[GIVEN DATA — start]

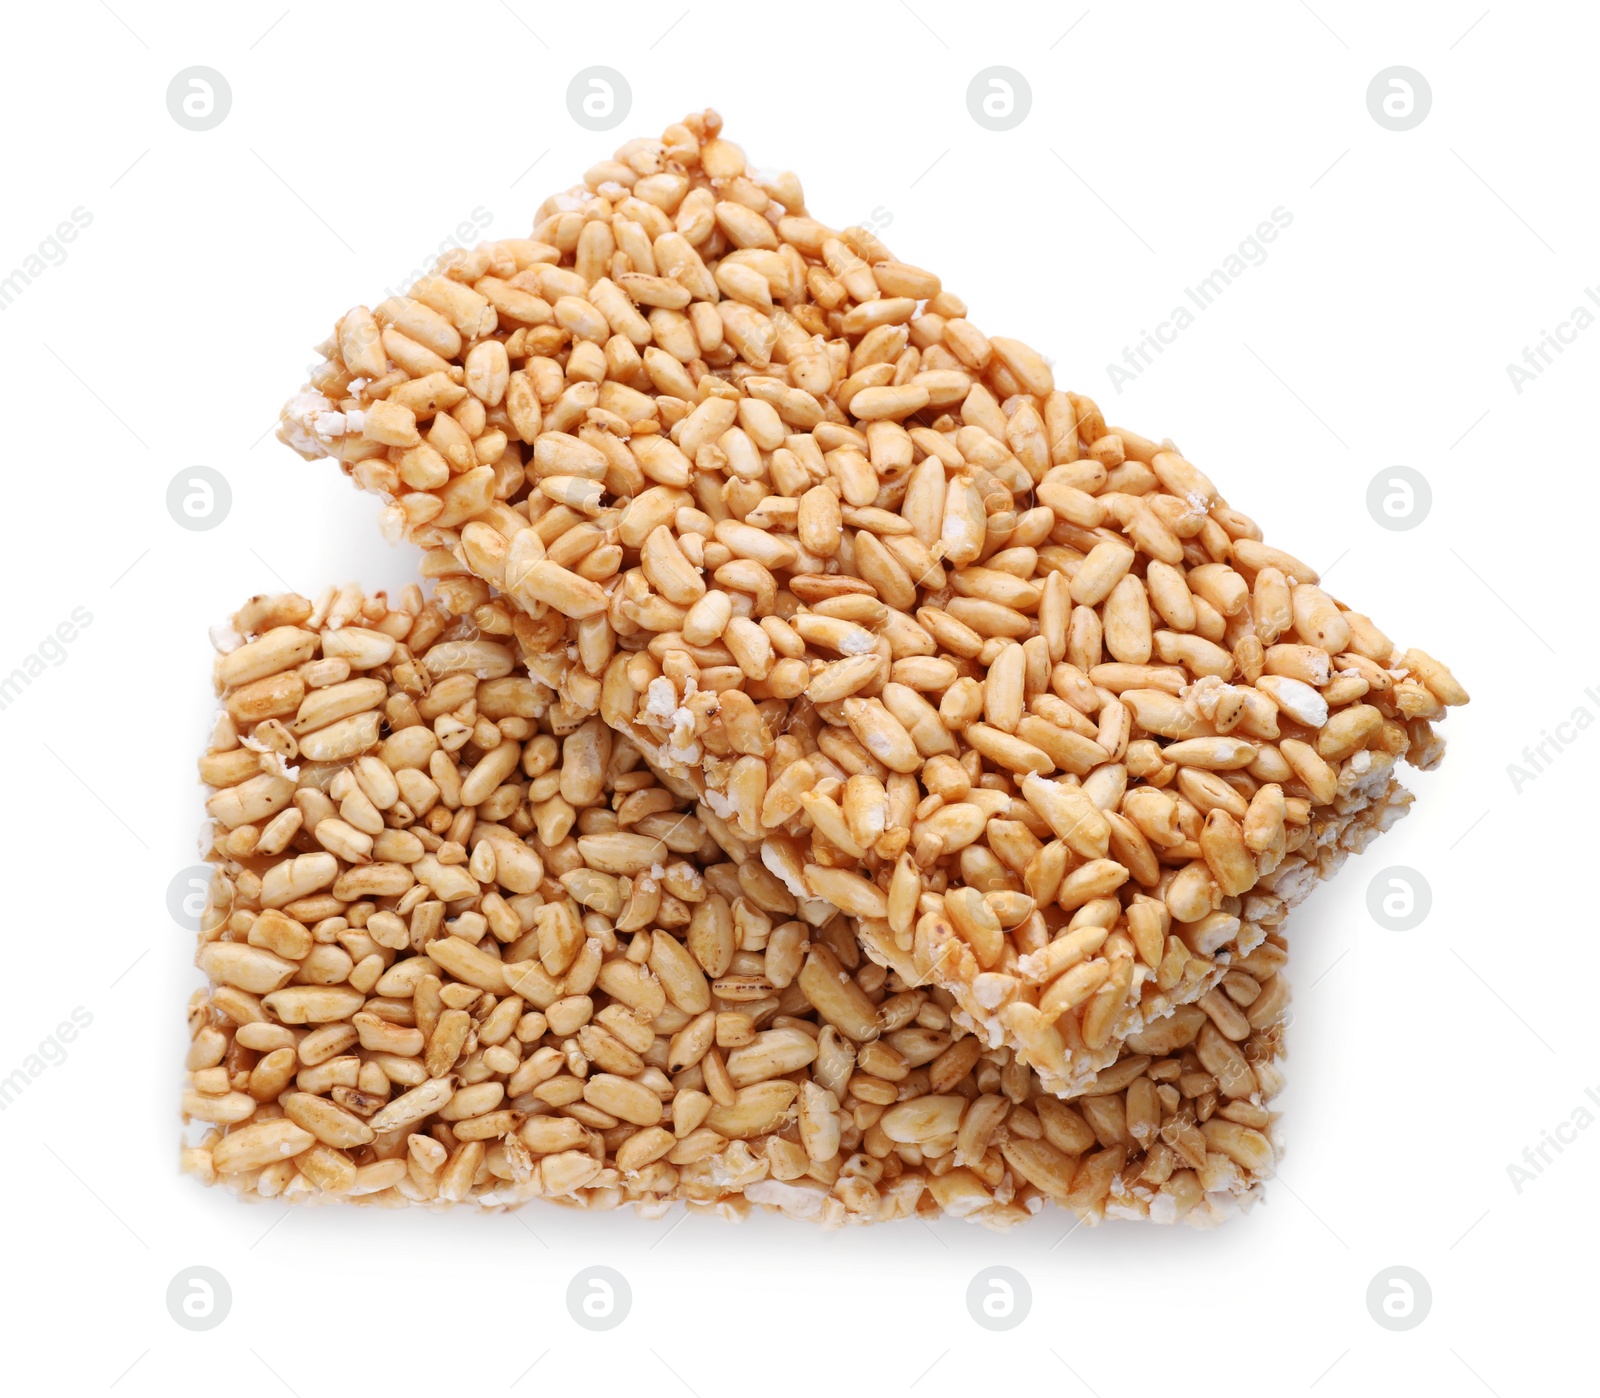 Photo of Puffed rice bars (kozinaki) on white background, top view
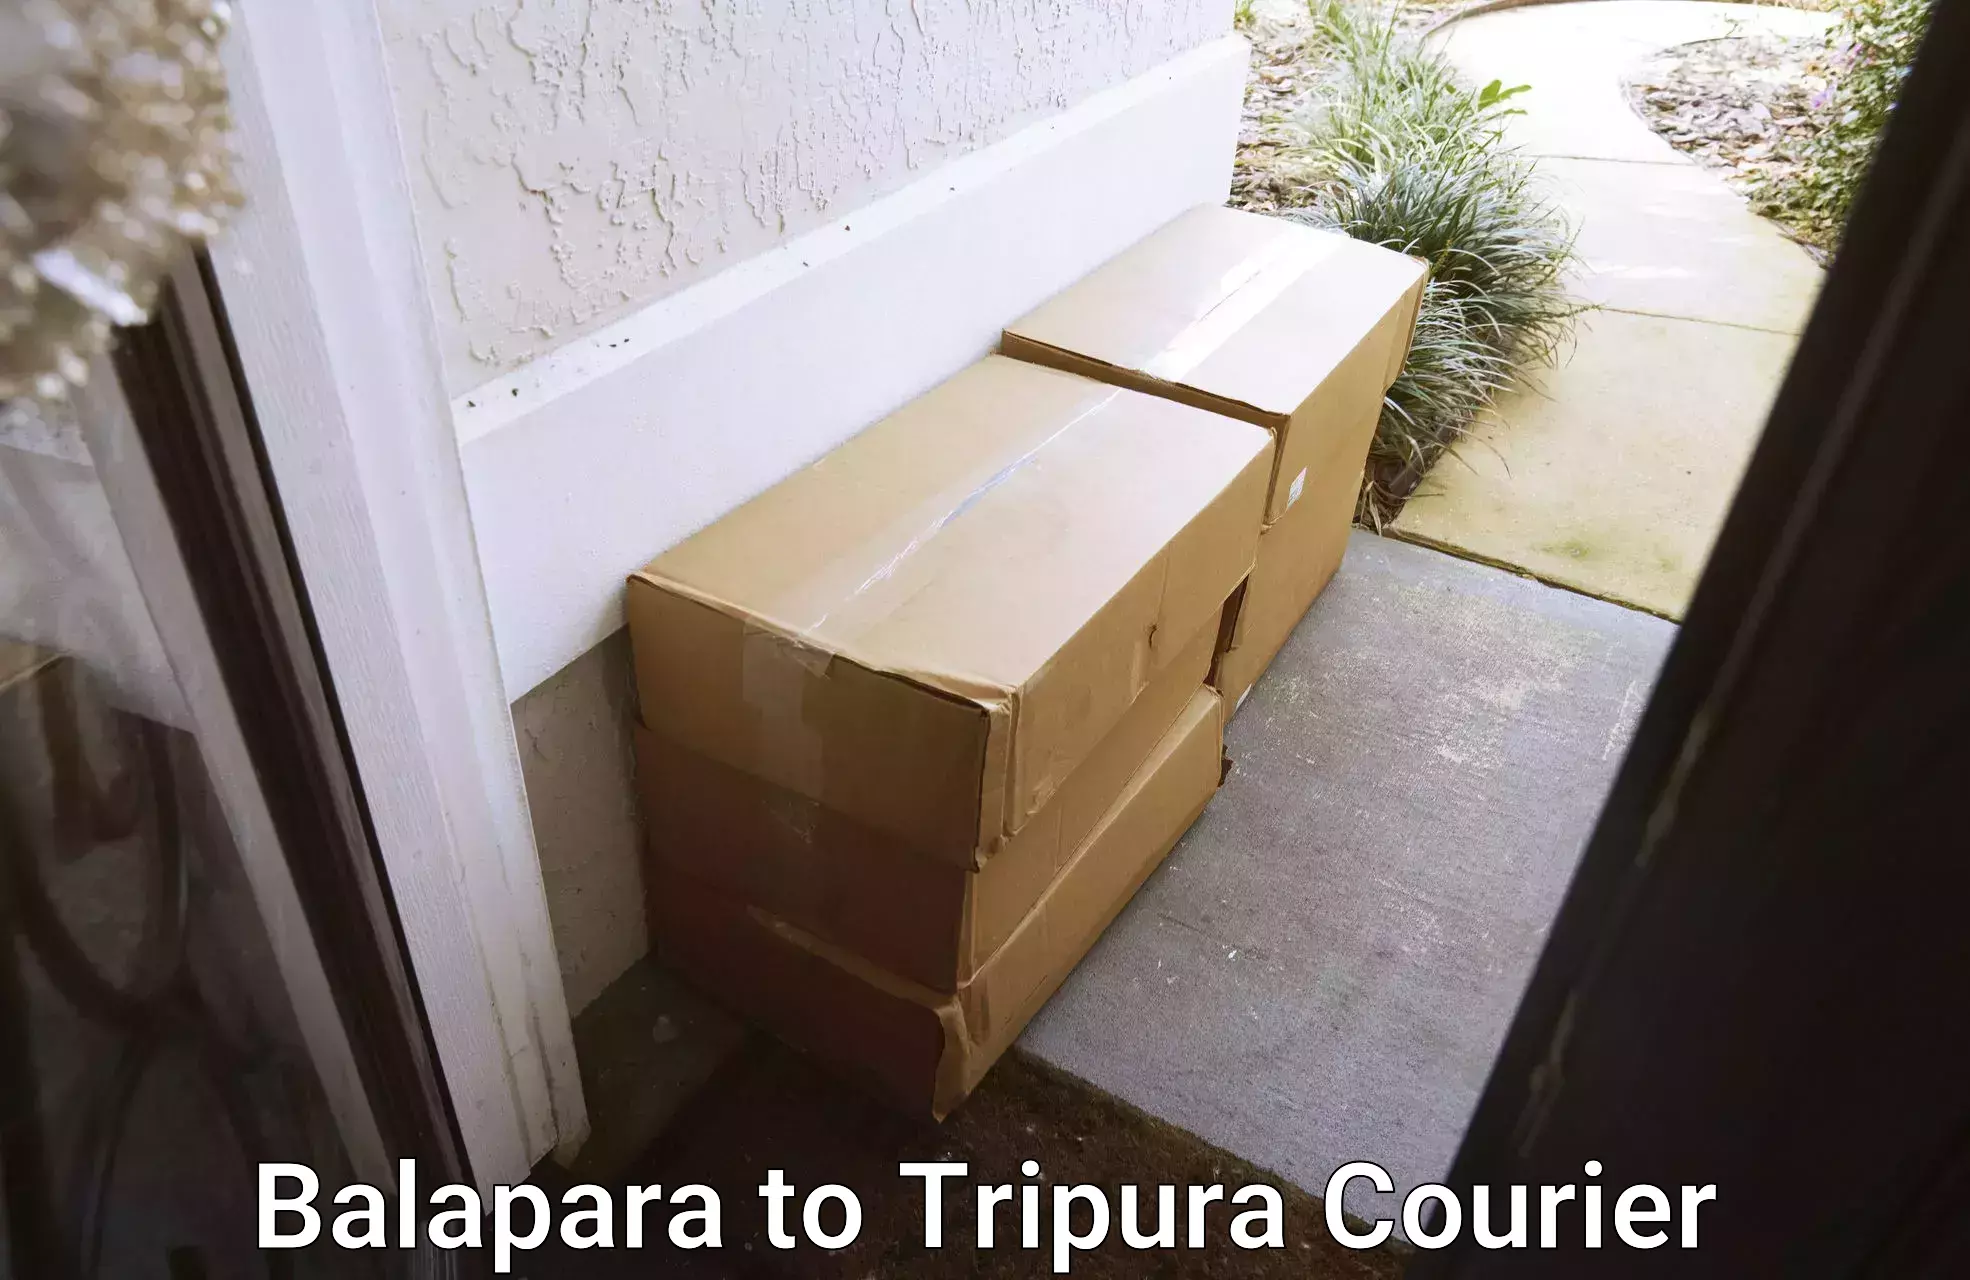 Bulk courier orders Balapara to Udaipur Tripura
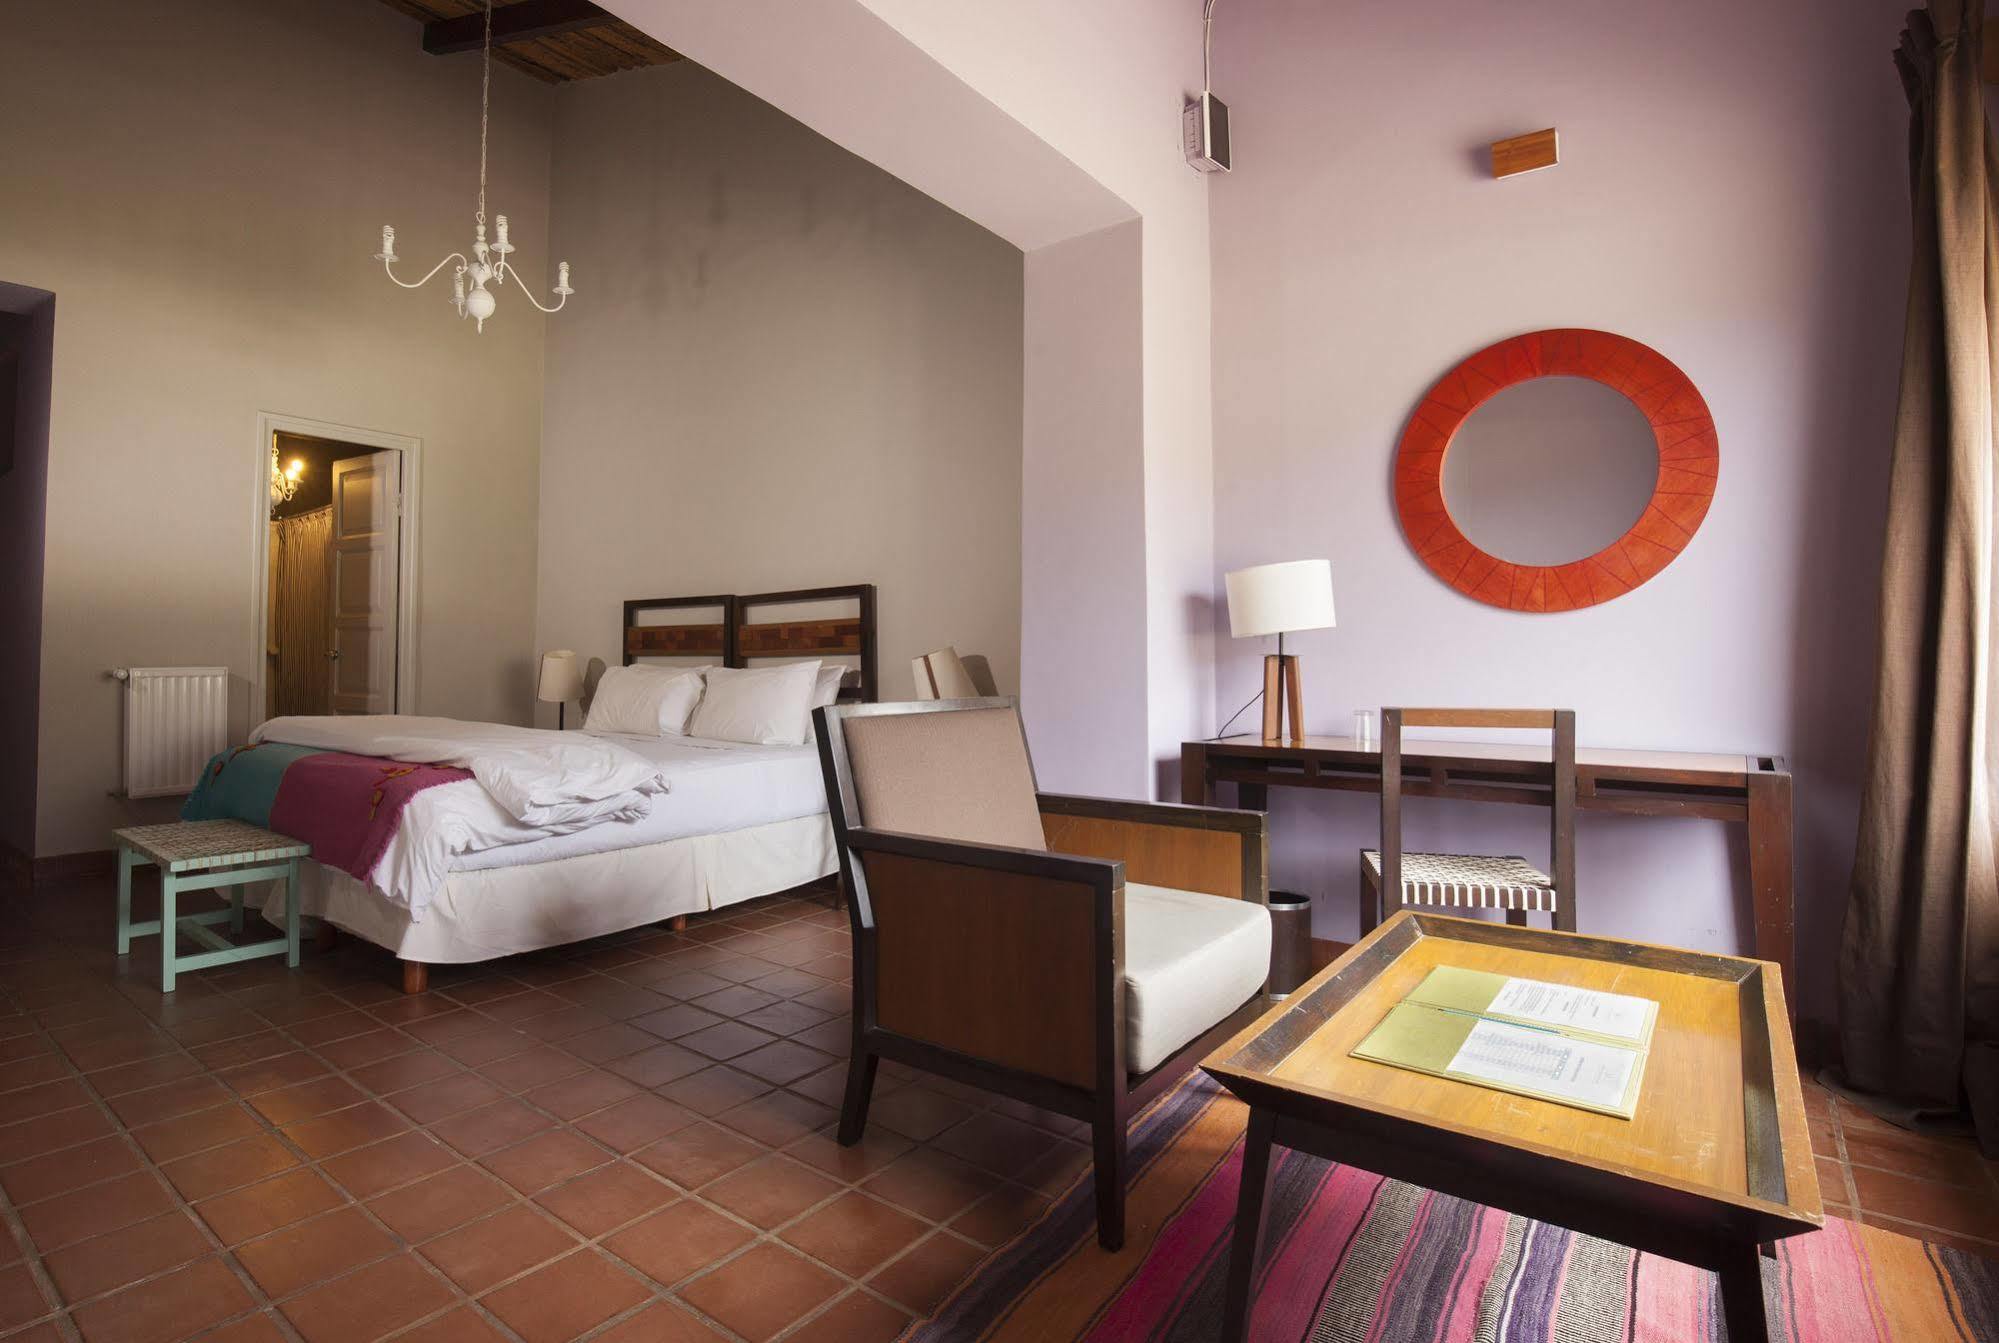 Hotel Huacalera Exteriér fotografie
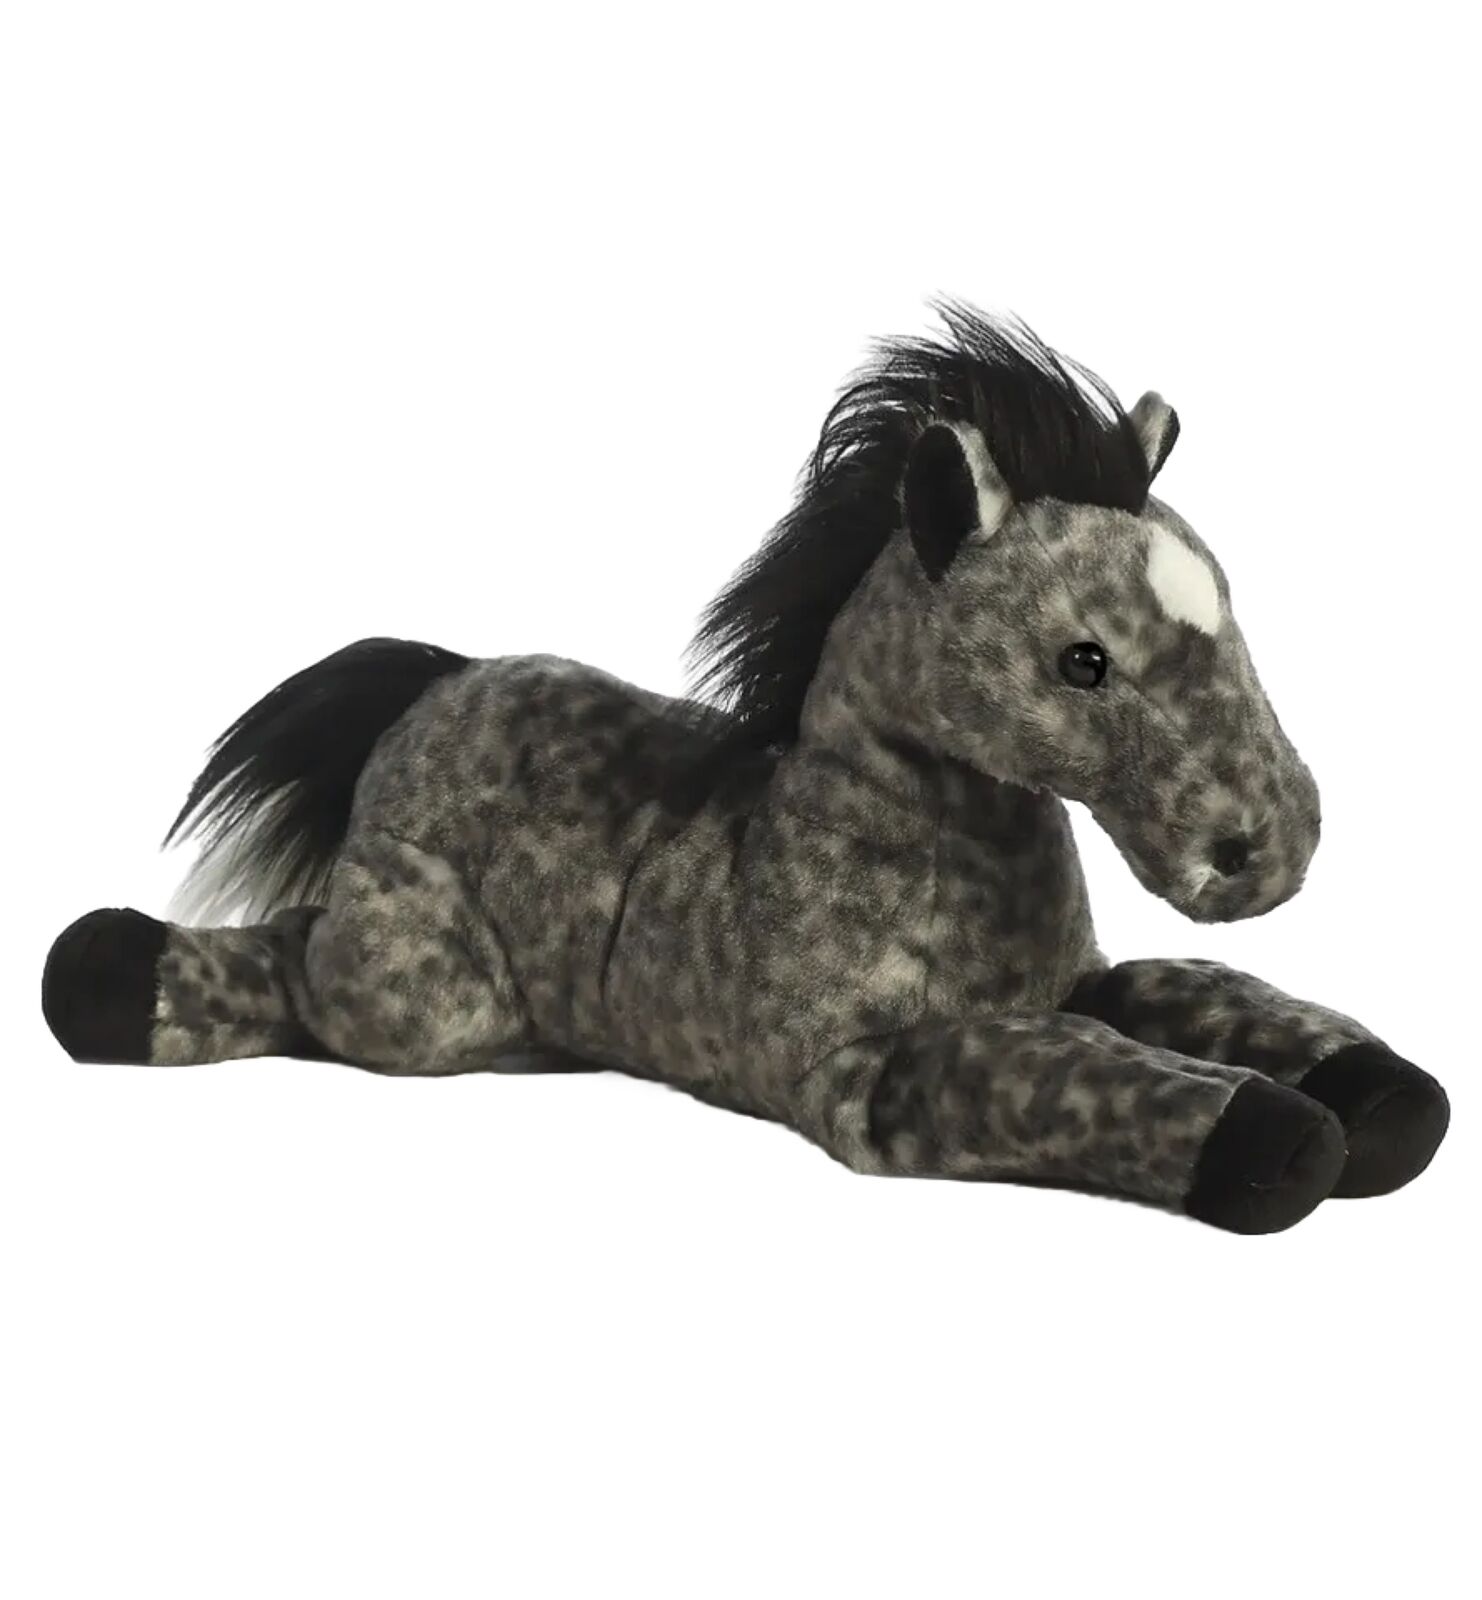 Aurora Plush Stuffed Horse Black Gray Appaloosa Spotted Pony Collectible

[GIVEN DATA — finish]

__REQUIREMENT__
From the line with "Bulk courier orders" through the end of the listing, write out every line exactly, leaving out the pictures.

__THE ANSWER__
 Bulk courier orders Balapara to Udaipur Tripura
 Hotel Huacalera Exteriér fotografie
 Aurora Plush Stuffed Horse Black Gray Appaloosa Spotted Pony Collectible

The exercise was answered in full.